Re: [PATCH v2 00/17] x86/resctrl : Support AMD Assignable Bandwidth Monitoring Counters (ABMC)

From: Moger, Babu
Date: Fri Feb 02 2024 - 16:58:12 EST


Hi Reinette,

On 2/1/2024 10:09 PM, Reinette Chatre wrote:
Hi Babu,

On 1/19/2024 10:22 AM, Babu Moger wrote:
These series adds the support for Assignable Bandwidth Monitoring Counters
Not a good start ([1]).

Yea. My bad.


(ABMC). It is also called QoS RMID Pinning feature

The feature details are documented in the APM listed below [1].
[1] AMD64 Architecture Programmer's Manual Volume 2: System Programming
Publication # 24593 Revision 3.41 section 19.3.3.3 Assignable Bandwidth
Monitoring (ABMC). The documentation is available at
Link: https://bugzilla.kernel.org/show_bug.cgi?id=206537

The patches are based on top of commit
1ac6b49423e83af2abed9be7fbdf2e491686c66b (tip/master)

# Introduction

AMD hardware can support 256 or more RMIDs. However, bandwidth monitoring
feature only guarantees that RMIDs currently assigned to a processor will
be tracked by hardware. The counters of any other RMIDs which are no longer
being tracked will be reset to zero. The MBM event counters return
"Unavailable" for the RMIDs that are not active.
Users can create 256 or more monitor groups. But there can be only limited
number of groups that can be give guaranteed monitoring numbers. With ever
"can be given"?

"can give guaranteed monitoring numbers."

I feel this looks better.


changing configurations there is no way to definitely know which of these
groups will be active for certain point of time. Users do not have the
option to monitor a group or set of groups for certain period of time
without worrying about RMID being reset in between.
The ABMC feature provides an option to the user to assign an RMID to the
hardware counter and monitor the bandwidth for a longer duration.
The assigned RMID will be active until the user unassigns it manually.
There is no need to worry about counters being reset during this period.
Additionally, the user can specify a bitmask identifying the specific
bandwidth types from the given source to track with the counter.
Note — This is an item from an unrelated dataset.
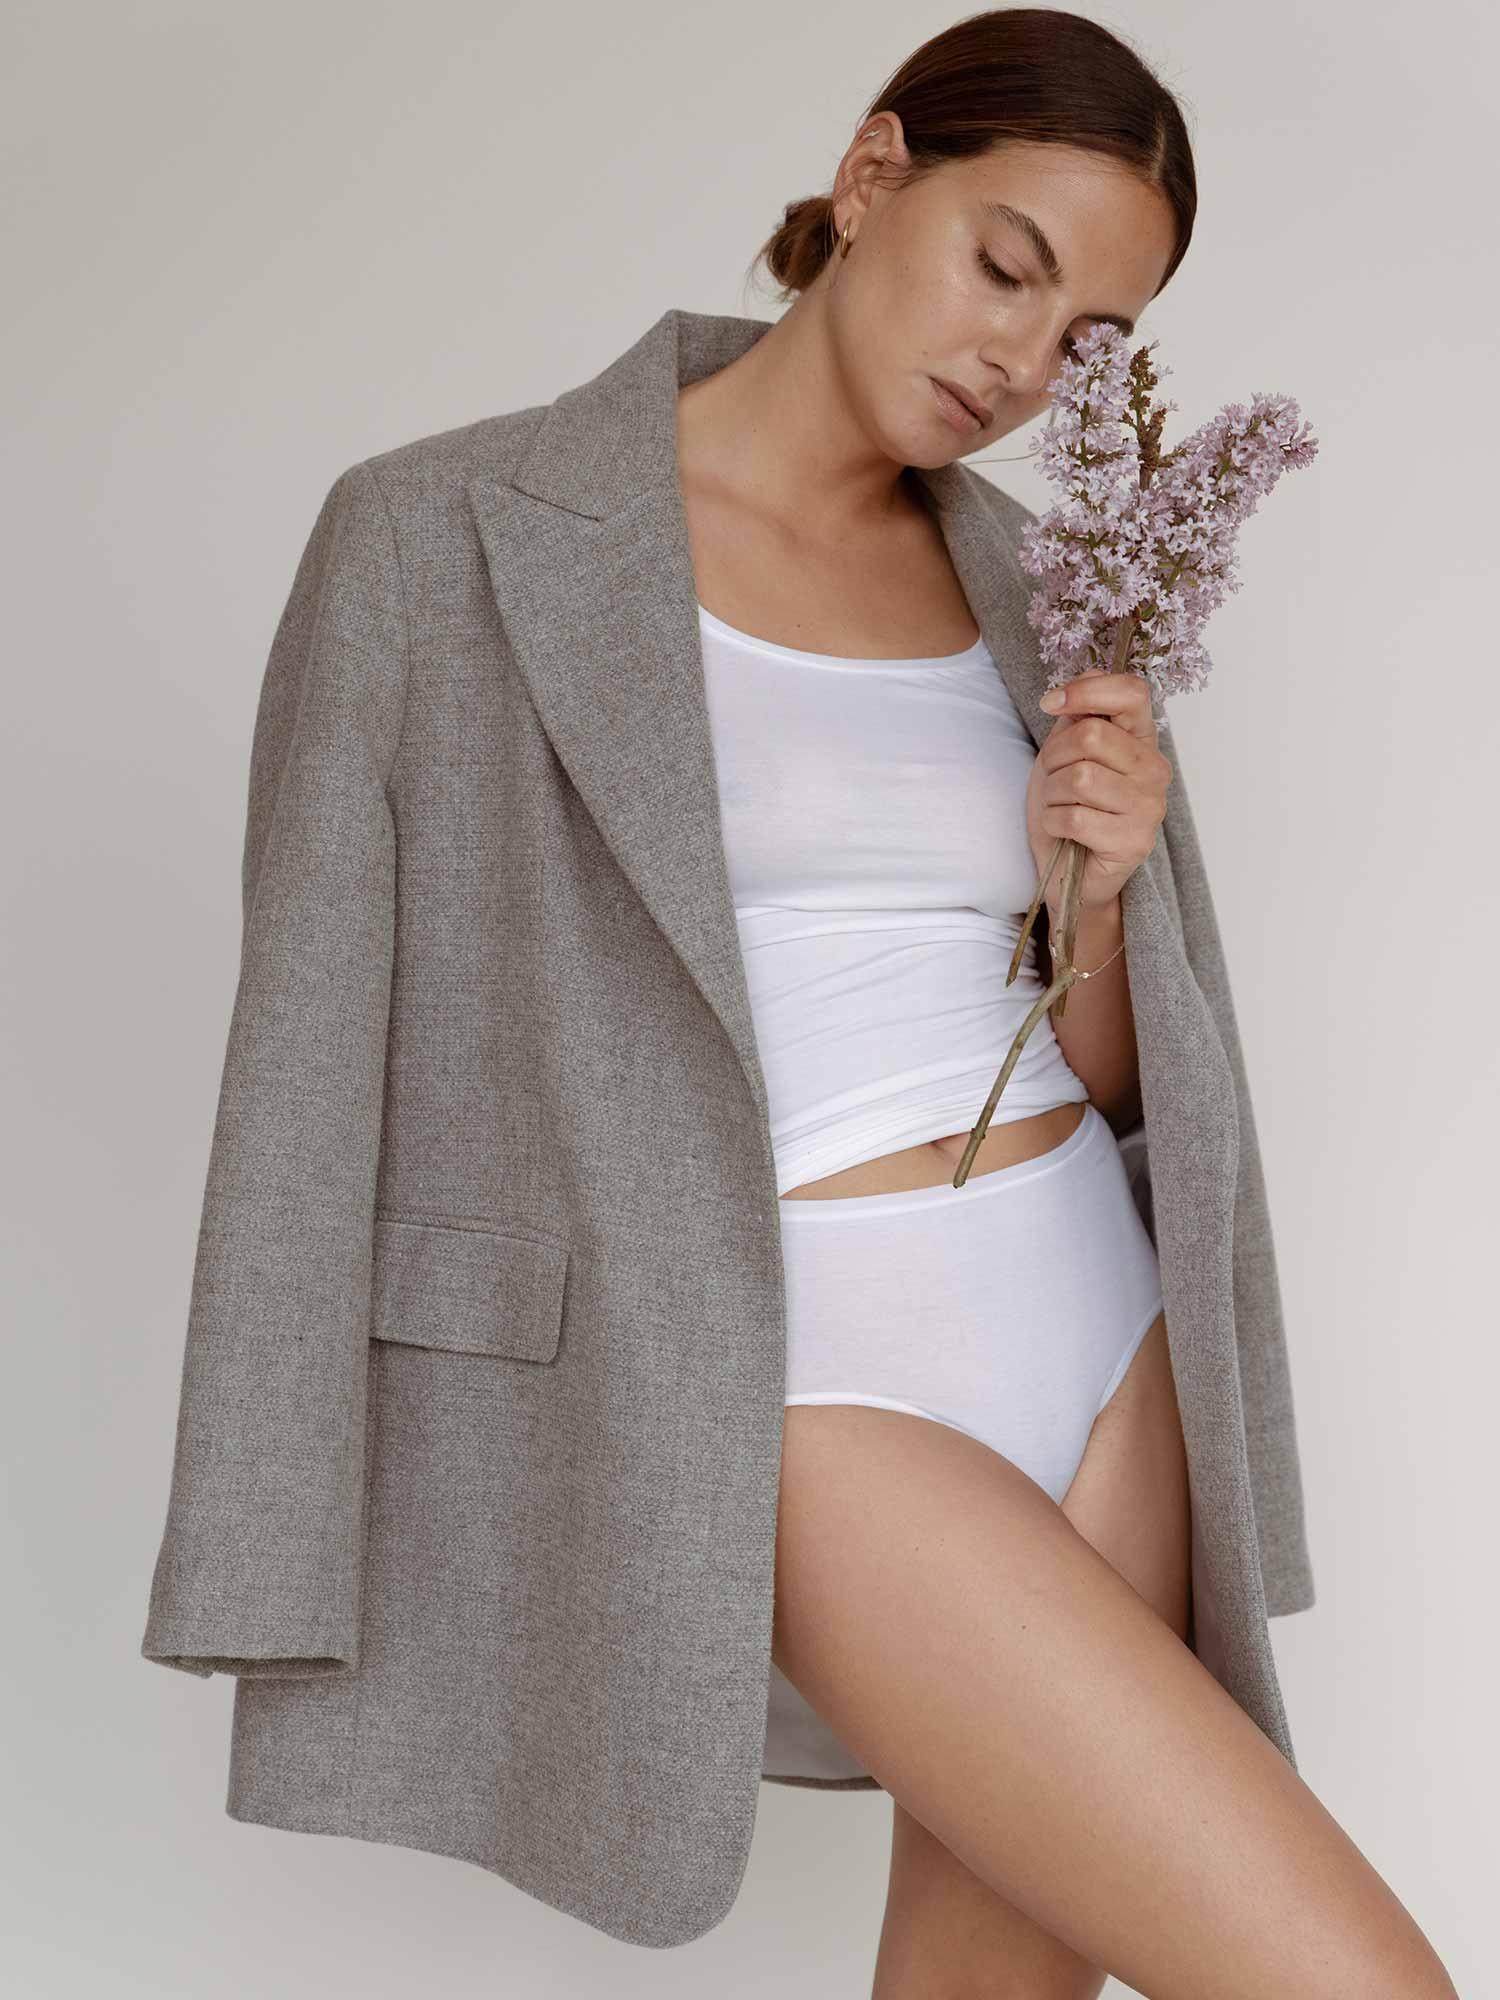 Besonders lieben wir, dass die minimalistischen Styles zu den verschiedensten Looks funktionieren – zum coolen Oversize-Blazer genauso wie solo zu Denim oder Shorts. | mey®

Without ABMC enabled, monitoring will work in current mode without
assignment option.

# Linux Implementation

Linux resctrl subsystem provides the interface to count maximum of two
memory bandwidth events per group, from a combination of available total
and local events. Keeping the current interface, users can assign a maximum
of 2 ABMC counters per group. User will also have the option to assign only
one counter to the group. If the system runs out of assignable ABMC
counters, kernel will display an error. Users need to unassign an already
assigned counter to make space for new assignments.


# Examples

a. Check if ABMC support is available
#mount -t resctrl resctrl /sys/fs/resctrl/

#cat /sys/fs/resctrl/info/L3_MON/mon_features
llc_occupancy
mbm_total_bytes
mbm_total_bytes_config
mbm_local_bytes
mbm_local_bytes_config
mbm_assign_capable ← Linux kernel detected ABMC feature

b. Check if ABMC is enabled. By default, ABMC feature is disabled.
Monitoring works in legacy monitor mode when ABMC is not enabled.

#cat /sys/fs/resctrl/info/L3_MON/mbm_assign_enable
0

With the introduction of "mbm_assign_enable" the entry in mon_features seems
to provide duplicate information.

ok. We can remove the text in mon_features and keep mbm_assign_enable. We need this to enable and disable the feature.


c. There will be new file "monitor_state" for each monitor group when ABMC
feature is supported. However, monitor_state is not available if ABMC is
disabled.

#cat /sys/fs/resctrl/monitor_state
Unsupported
This sounds potentially confusing since users will still be able to monitor
the groups ...
How about "Assignment-Unsupported"?


d. Read the event mbm_total_bytes and mbm_local_bytes. Without ABMC
enabled, monitoring will work in current mode without assignment option.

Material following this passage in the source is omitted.